# Interested in Edmonton



## joenation (Jul 8, 2009)

Does anyone here live in Edmonton? I've always been interested in Edmonton. Especially it's University of Alberta, which I'm probably going to go into 
I went to Edmonton and Calgary once, and Edmonton seems like a better place to live IMO. Calgary looked bare and just hilly - no trees compared to Ed. 

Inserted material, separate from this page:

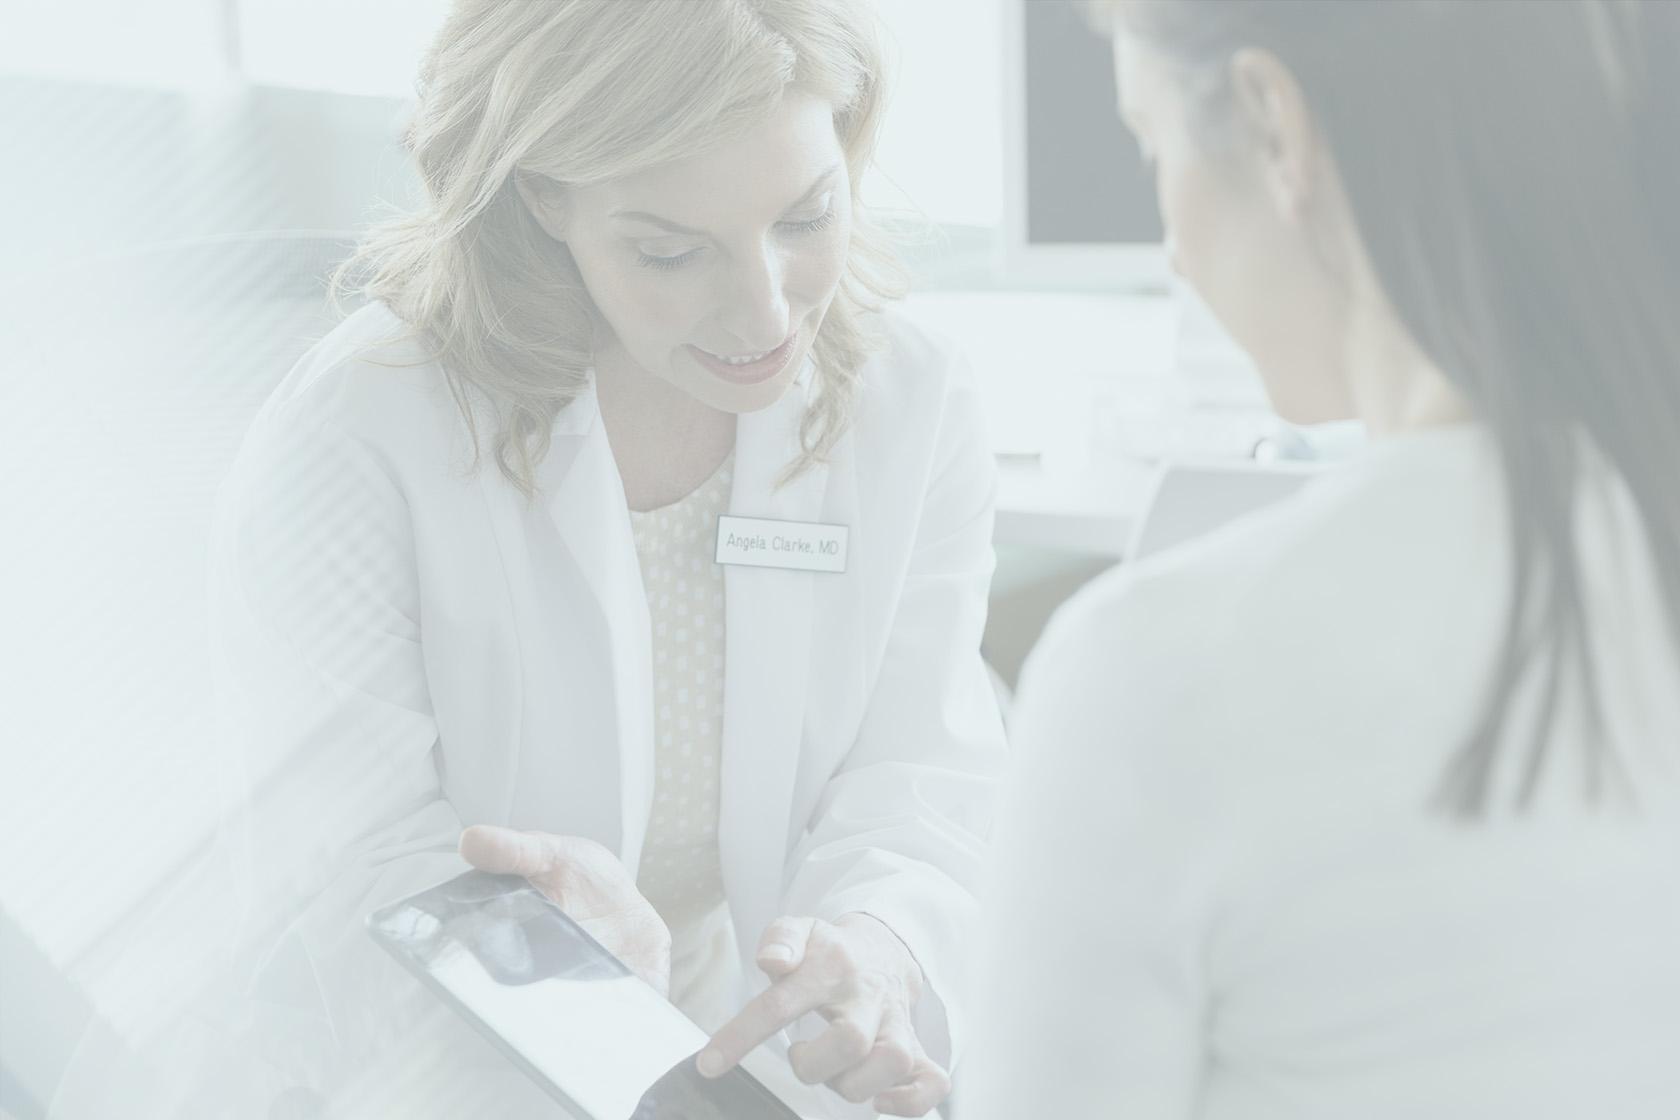 Médecin et résultat de santé

I'm a big shopper too, and West Edmonton Mall seems to be the best place to shop for me in N.A. lol


----------



## mcd1203 (Nov 25, 2008)

I'm going to try not giving you a biased opinion even though I was born and raised in Calgary. If you are looking at trees etc. Calgary does have just as much as Edmonton. I get lost easily driving around Edmonton as Calgary is divided into four sectors. Yes Edmonton does have west Ed. But just outside of Calgary is a mall being built that is larger than west edmonton mall and has lots of high end outlet stores (its opening in August). People are friendly in both cities although you'll find a lot of stores in Calgary than you will in Edmonton. Though Edmonton gets a lot of the good concerts because of their stadium. I've lived in both cities and known many that loved their move to Calgary or vice versa. Its all a matter of personal opinion.

You mentioned UofA. What were you hoping to go into? I ask because UofA is good for certain things but lacks in other areas.


----------